## [WORK TO BE COMPLETED]
Make an exact copy of the listing underneath, skipping each picture.

## [THE DATA]

********

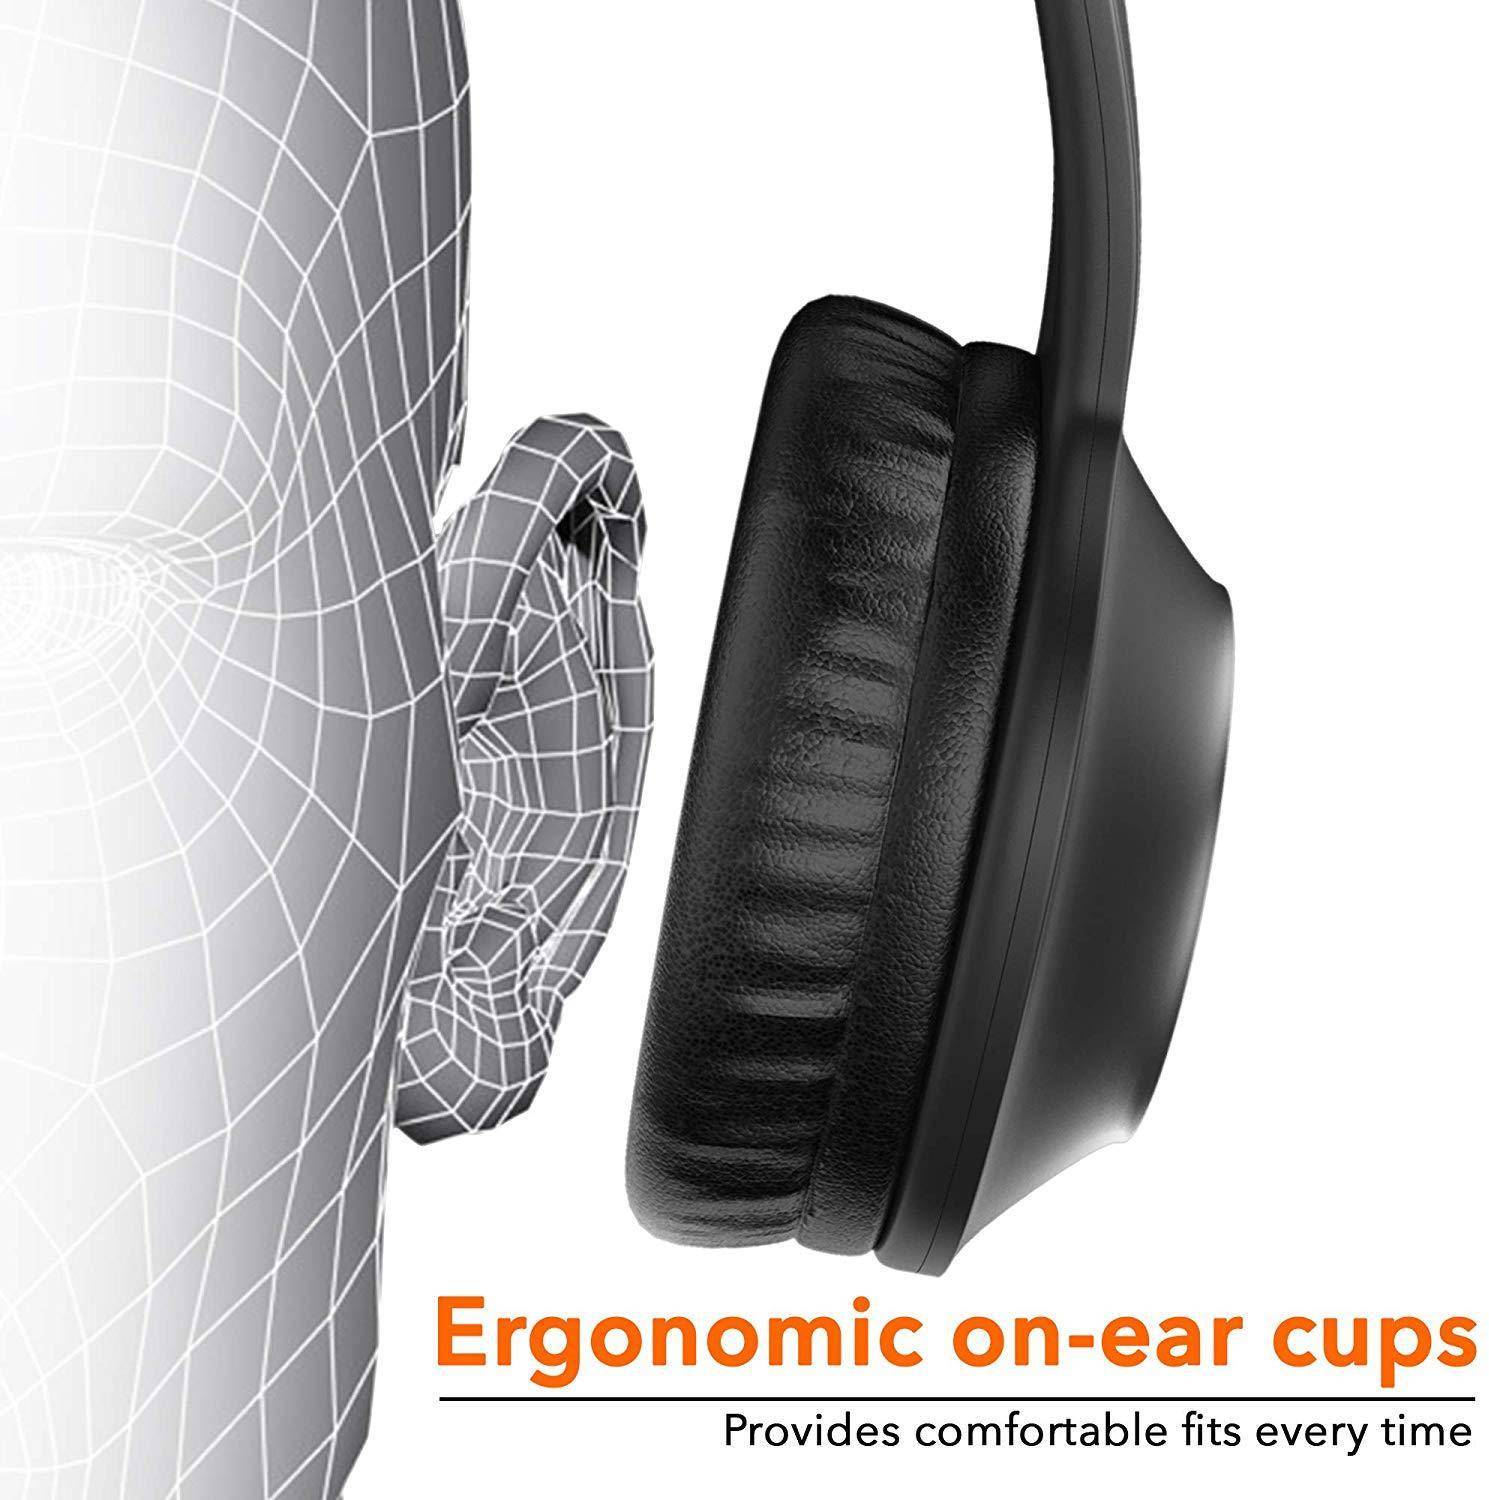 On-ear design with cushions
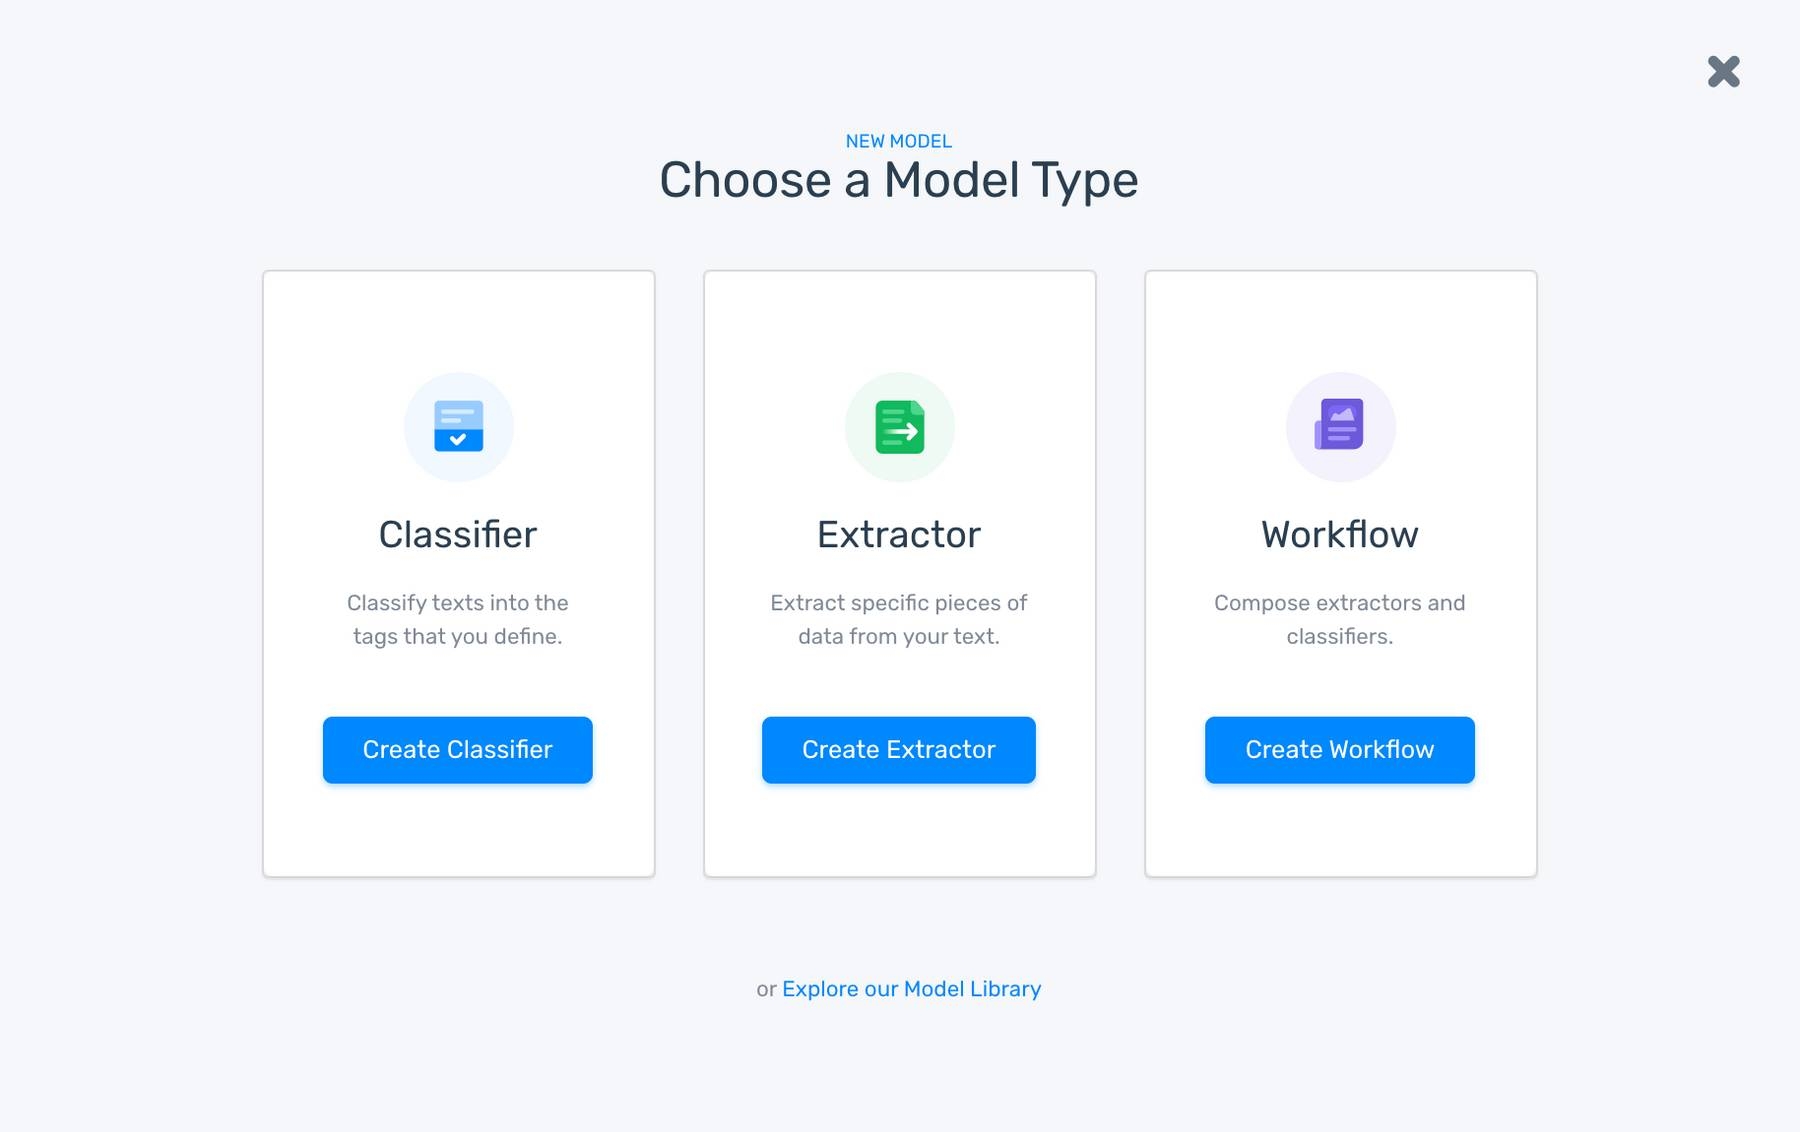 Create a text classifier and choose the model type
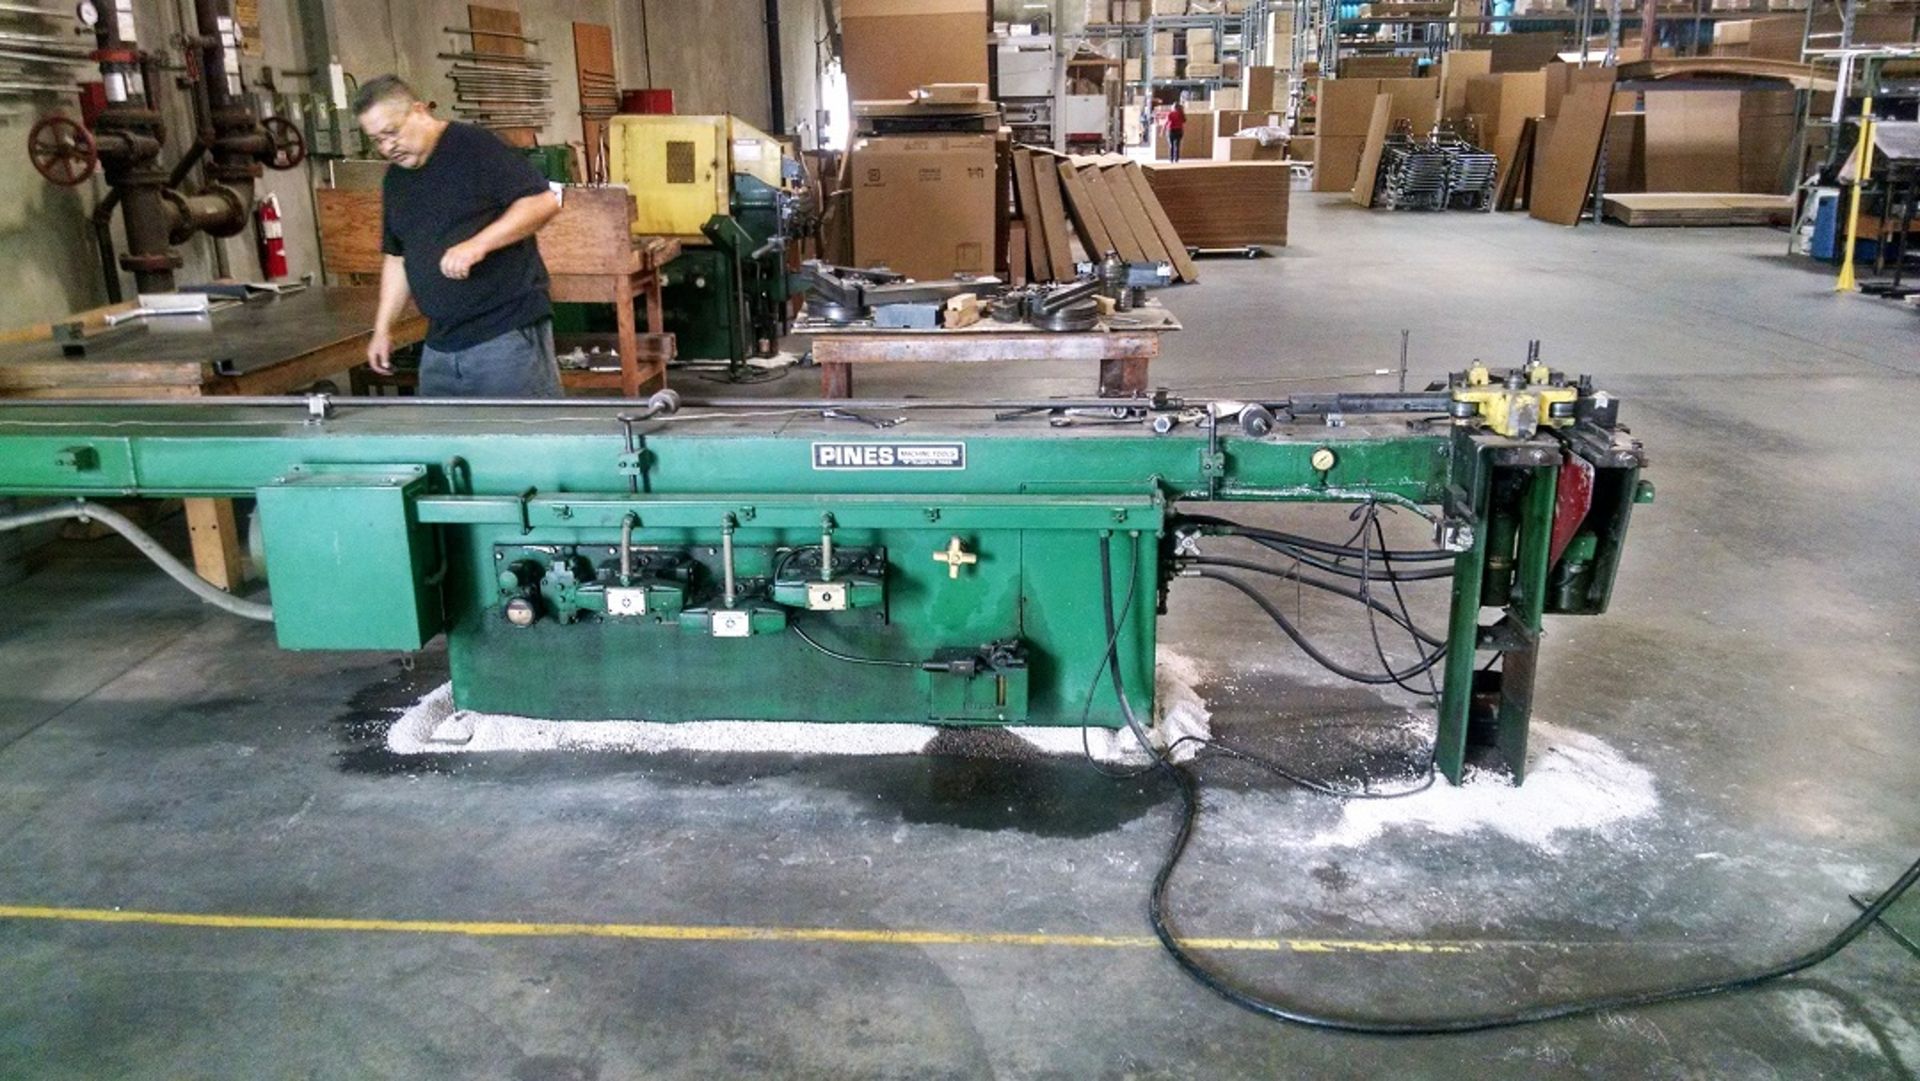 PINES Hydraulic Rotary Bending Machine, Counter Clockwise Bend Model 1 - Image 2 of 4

********

## [EXERCISE OUTPUT]
 On-ear design with cushions
 Create a text classifier and choose the model type
 PINES Hydraulic Rotary Bending Machine, Counter Clockwise Bend Model 1 - Image 2 of 4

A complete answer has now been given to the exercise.